Me echo a reír mientras sale corriendo…
—Siento lo de Emma, a veces es un poco…
peculiar —me disculpo por el comportamiento de mi prima.
Rory sonríe.
—No pasa nada, creo que es divertida.
La verdad es que me cae bien.
—En el fondo es muy buena persona, aunque sea impredecible.
—Entonces, ¿tu primo es el dueño de este sitio?
—pregunta, mirando alrededor del reservado en el que estamos.
Asiento.
—Sí, o lo era.
—Tenía que estar loco o algo para regalar este sitio así como si nada —dice, asombrada por todo.
—Sí, tiene éxito —confirmo.
—Ah —dice, mirándome.
—Entonces, ¿te gusto?
—sonrío con aire de suficiencia.
Me mira, sorprendida.
—¿Eh?
Este…
Sí…
No…
—Se pone roja como un tomate y baja la mirada.
—¿Sí o no?
—pregunto, divertido por su reacción.
Es tan mona.
—Este…
algo así como un sí —dice.
—Tú también me gustas…
No te habría traído aquí si no fuera así.

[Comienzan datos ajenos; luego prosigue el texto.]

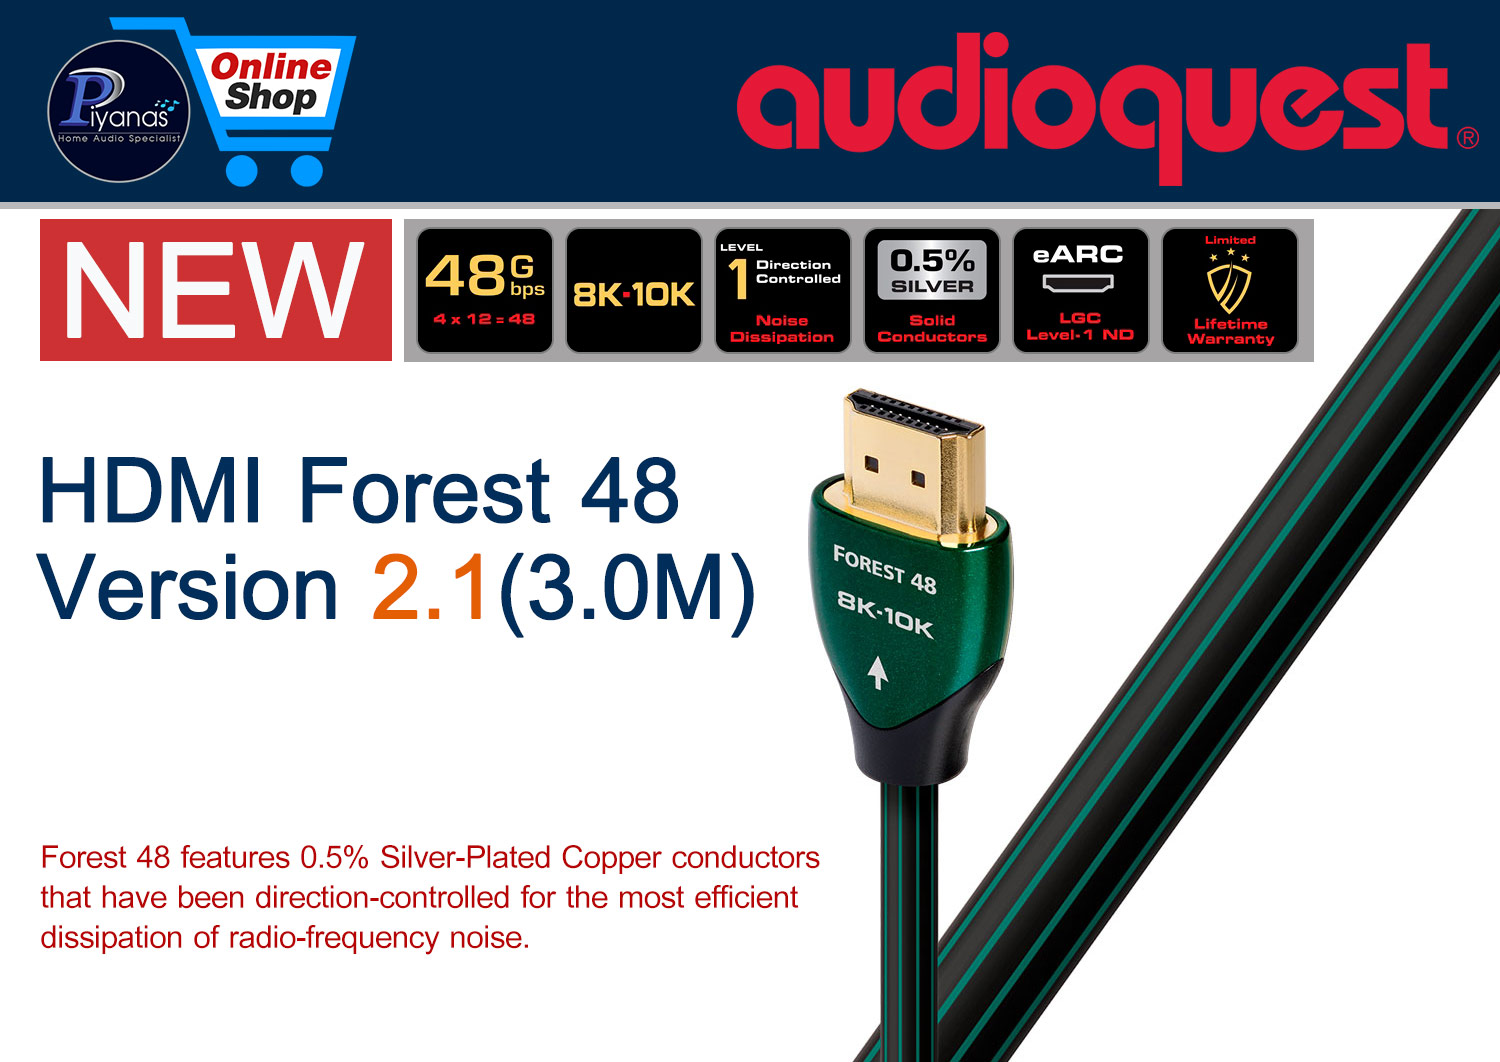 HDMI-Forest 48 Version 2.1 (3.0M)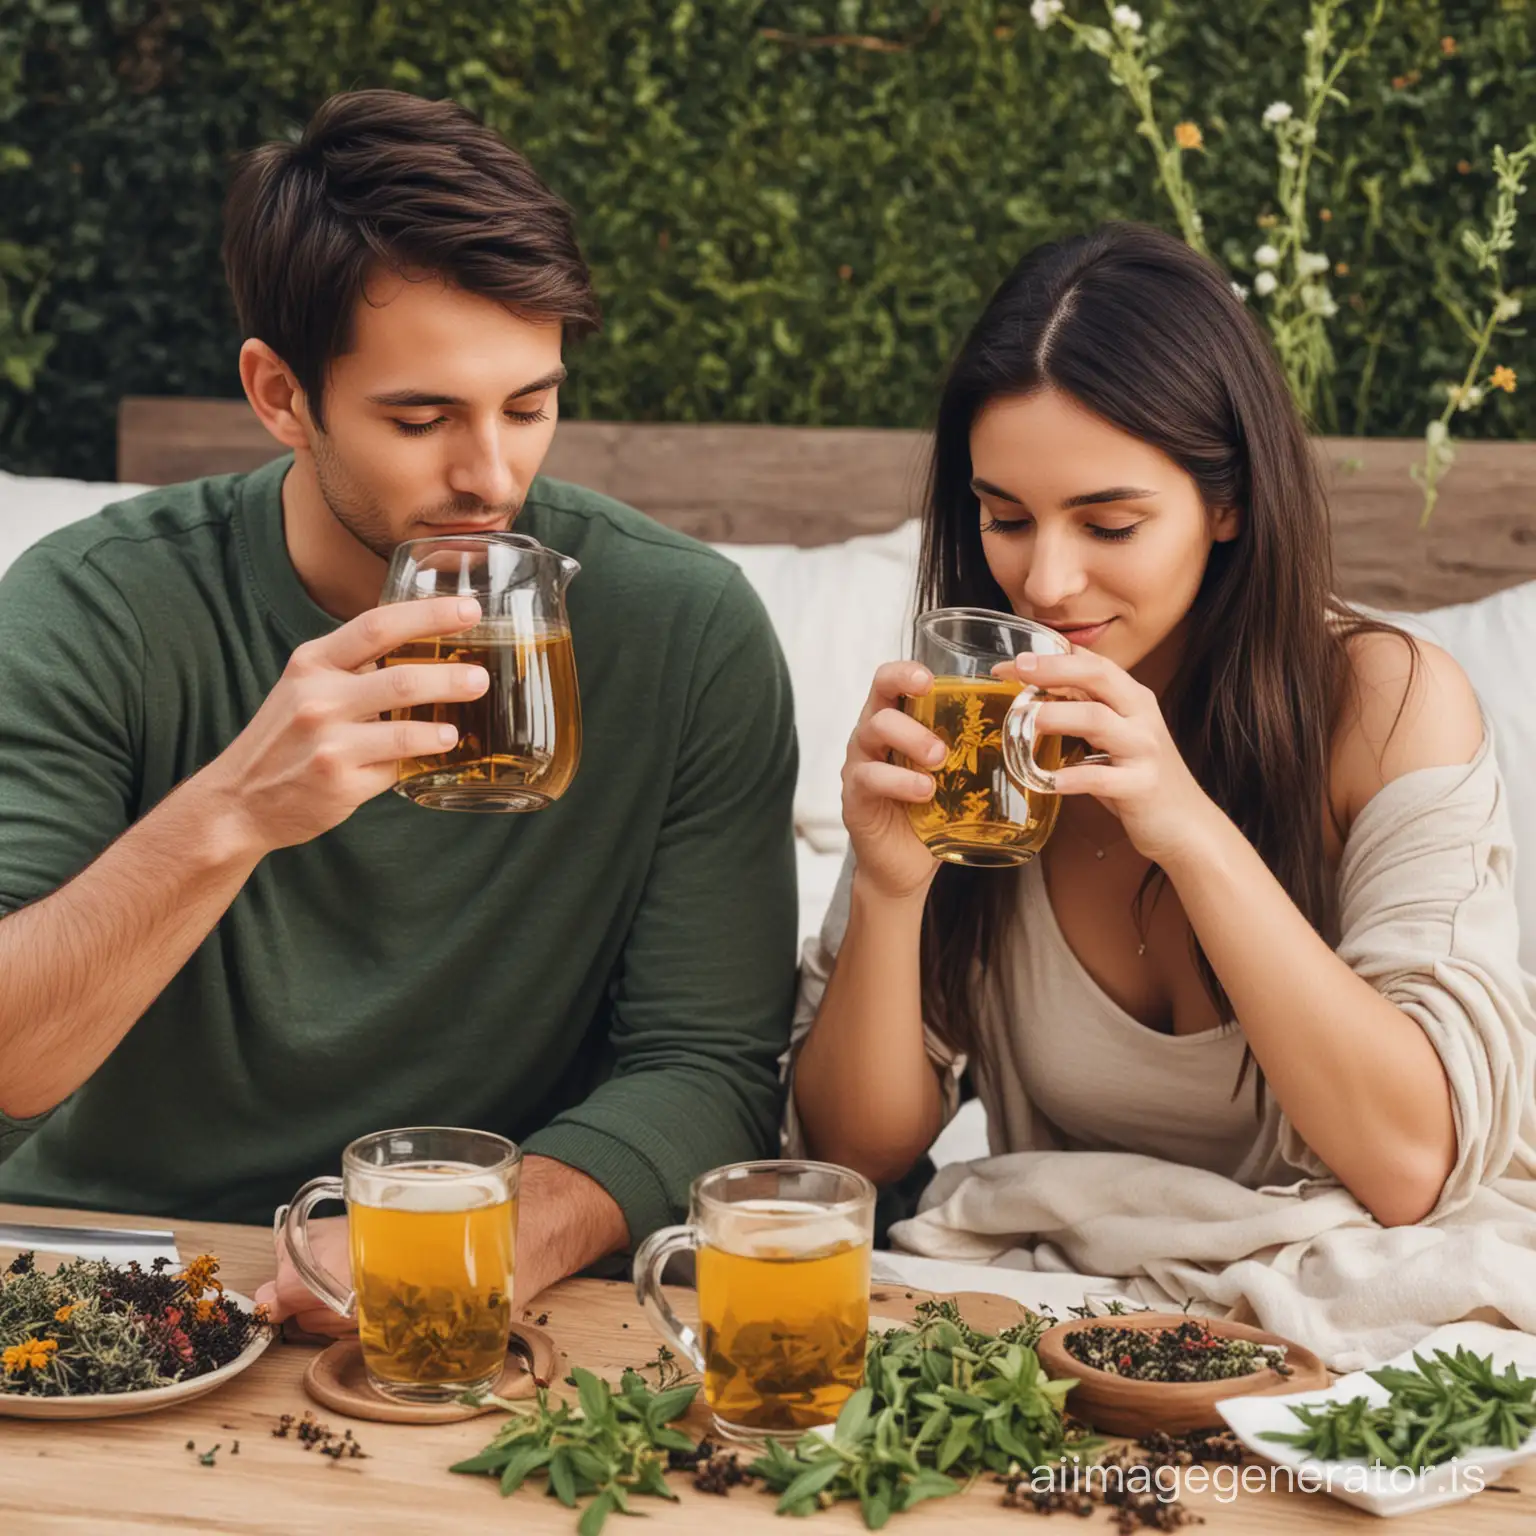 Couple-Enjoying-Health-Benefits-of-Herbal-Teas-in-a-Serene-Garden

Sabía que me encontraría con alguien de la familia, solo que esperaba que fuera mi prima Lexi o Nick, no la más loca de todos —suspiro.
Mi dolor de cabeza no hacía más que empeorar y la cabeza me martilleaba.
—Emma no está loca, puede que sea un poco peculiar, pero no loca…
—dice Rory en voz baja.
—¿Estás lista para irnos?
Por si nos cruzamos con mi primo Raven…
no deberías conocerlo —le digo.
Ella asiente.
—Ah, vale…
Sí, estoy lista para irnos…
La dejo en su casa y vuelvo a mi apartamento, y no puedo dejar de pensar en lo que ha dicho Emma.
Ni siquiera sabía que mi propia hermana se había casado, no sabía que mi abuelo había enfermado, ni que habíamos tenido una crisis tan grande en casa con el secuestro de Taylor, ni que Raven podría tener un hijo por ahí.
Me siento como una mierda ahora mismo, y eso que no suelo decir palabrotas.